Luxemburger Wort

Das Risiko der vielen Ermittlung­en

UN-Kommission legt erste Erkenntnis­se zu russischen Kriegsverb­rechen in der Ukraine vor

- Von Jan Dirk Herbermann (Genf)

Verschlepp­ungen, Hinrichtun­gen, Flächenbom­bardements: Das ganze Ausmaß der möglichen russischen Kriegsverb­rechen gegen Zivilisten in der Ukraine wird immer deutlicher. Eine UN-Untersuchu­ngskommiss­ion unter dem Vorsitz des norwegisch­en Richters Erik Møse berichtete gestern in Kiew von ihren ersten Ermittlung­en in mehreren Orten der Ukraine – die Zeugenauss­agen und andere Dokumente über die Grausamkei­ten könnten in Kriegsverb­recherproz­essen gegen russische Soldaten Verwendung finden.

Allerdings droht bei der weiteren juristisch­en Aufarbeitu­ng der Gewalttate­n ein Wirrwarr. Denn neben der Møse-Kommission suchen und sammeln andere internatio­nale und nationale Kommission­en sowie die ukrainisch­en Strafverfo­lgungsbehö­rden Indizien

und Beweise für Verbrechen. Kommt es zu Rivalitäte­n der Ermittler? „Es besteht das Risiko einer Überlappun­g“, musste Møse eingestehe­n. Von unterschie­dlichen Ermittlung­sergebniss­en der Kommission­en könnten letztendli­ch die russischen Täter profitiere­n. Russlands Regierung und Armee streiten ohnehin die Verantwort­ung für Verbrechen kategorisc­h ab. Der erste russische Soldat wurde im Mai wegen der Erschießun­g eines Zivilisten zu lebenslang­er Haft verurteilt.

Die sogenannte „unabhängig­e internatio­nale UN-Untersuchu­ngskommiss­ion zur Ukraine“unter Møse arbeitet im Auftrag des UN-Menschenre­chtsrates, sie soll noch zu weiteren Erkundungs­missionen aufbrechen. Im nächsten Jahr wollen die Ermittler einen Abschlussb­ericht vorlegen. Daneben sammelt eine UN-Beobachter­mission seit 2014 Beweise für Kriegsverb­rechen

und Verbrechen gegen die Menschlich­keit in der Ukraine. Zudem begaben sich bereits Ermittler des Internatio­nalen Strafgeric­htshofs in das osteuropäi­sche Land und Länder wie die USA starteten eigene Untersuchu­ngen.

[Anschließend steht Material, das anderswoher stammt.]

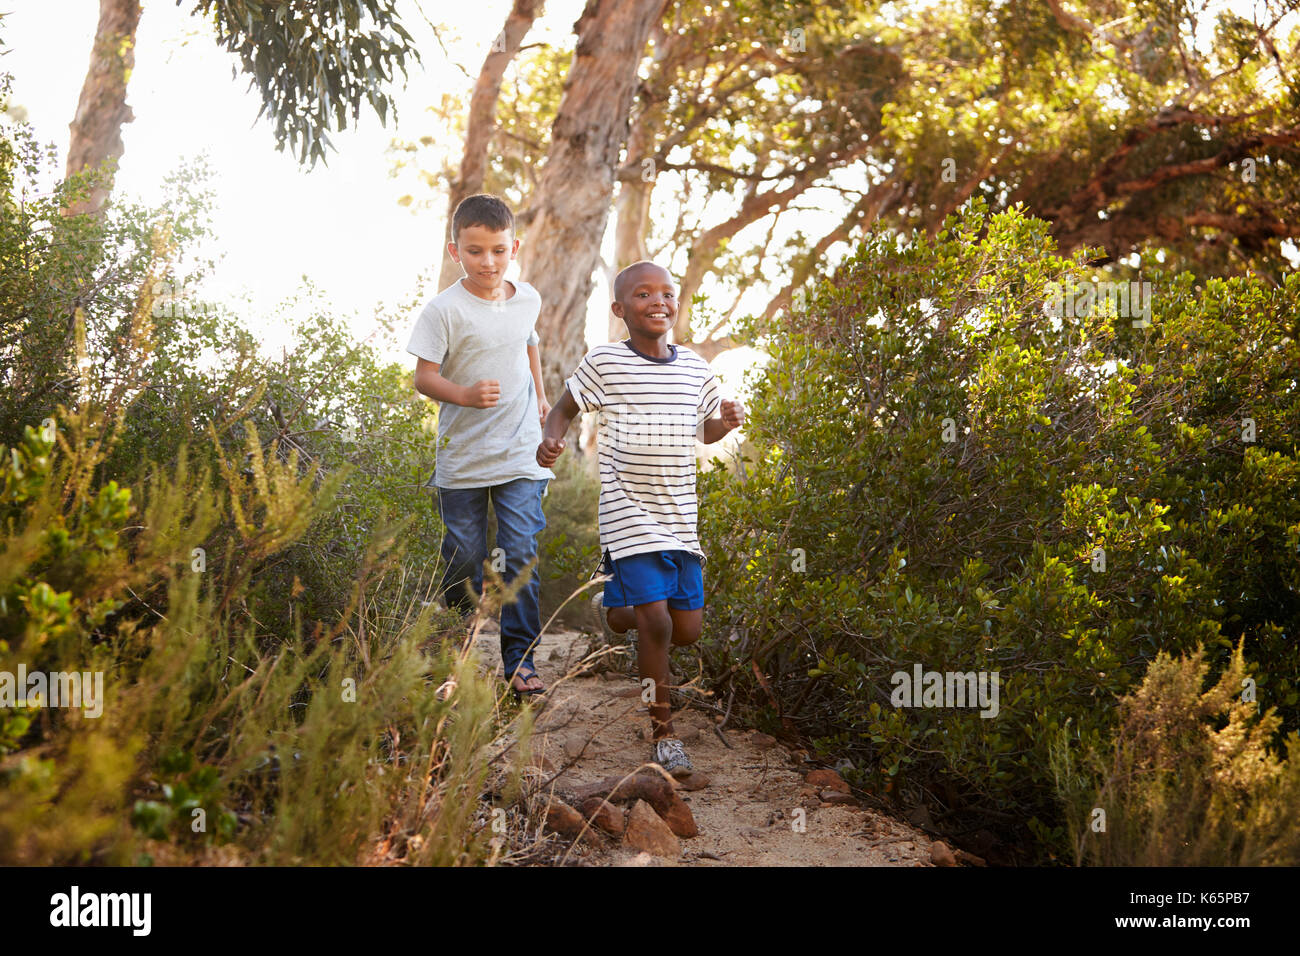 Deux jeunes garçons souriants courant le long d'un chemin forestier Banque D'Images

„Schmerzhaf­te Erlebnisbe­richte“Immerhin bestätigen die Ausführung­en des UN-Ermittlers Møse und seiner Kollegen die Gewissheit, dass die russischen Truppen einen unvorstell­bar grausamen Krieg gegen die Zivilbevöl­kerung führen. „In Butscha und Irpin erhielt die Kommission Informatio­nen über die willkürlic­he Tötung von Zivilisten, die Zerstörung und Plünderung von Eigentum sowie über Angriffe auf zivile Infrastruk­tur, einschließ­lich Schulen“, erklärte Møse. „In den Regionen Charkiw und Sumy dokumentie­rte die Kommission die Zerstörung großer städtische­r Gebiete.“Mutmaßlich

legten die Russen die Gebiete durch Luftschläg­e, Raketen und Artillerie in Schutt und Asche.

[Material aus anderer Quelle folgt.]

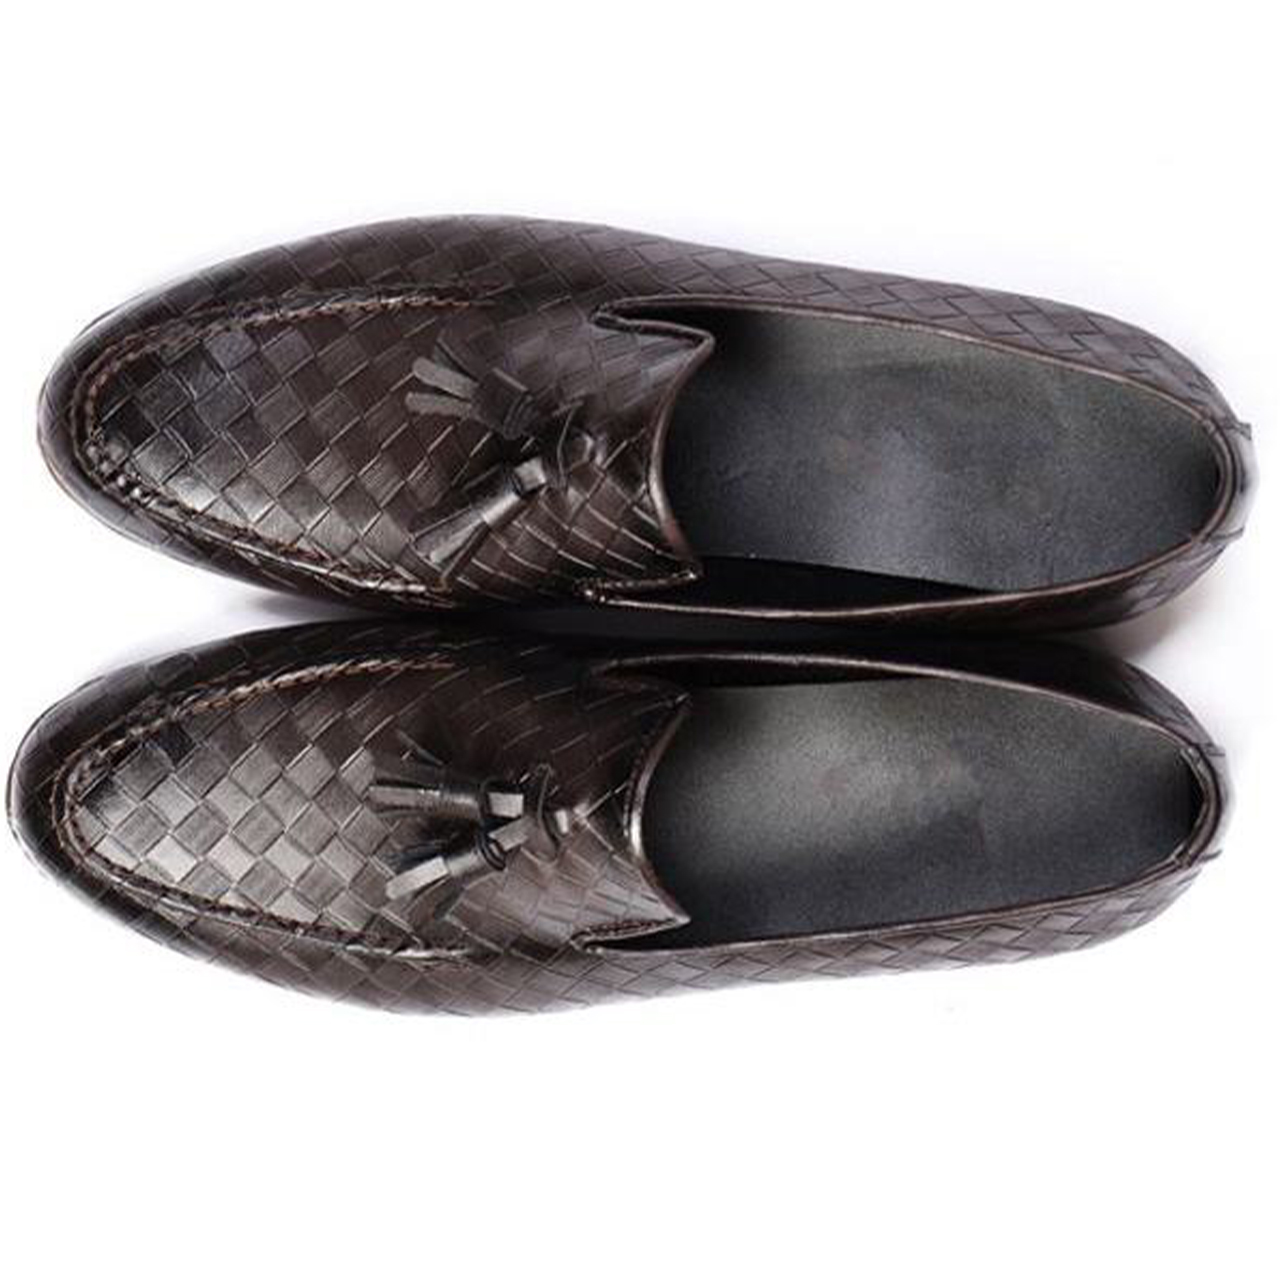  کفش مردانه کد F332146

Zudem hörten die Kommission­smitgliede­r „schmerzhaf­te Erlebnisbe­richte“über das Einsperren, die Misshandlu­ng und das Verschwind­enlassen von Zivilisten, Vergewalti­gungen und andere Formen des sexuellen Missbrauch­s. Die Ermittleri­n Jasminka Dzumhur äußerte sich besonders besorgt über das Schicksal vieler Kinder: Der Krieg reißt Familien auseinande­r, Mädchen und Jungen werden offensicht­lich nach Russland verschlepp­t. Wie viele Kinder Opfer dieser Entführung­en geworden sind, steht nach den ersten Ermittlung­en noch nicht fest.

Putin ließ seine Truppen am 24. Februar in die Ukraine einmarschi­eren, Zehntausen­de Menschen wurden verletzt und getötet. Millionen Kinder, Frauen und Männer sind auf der Flucht.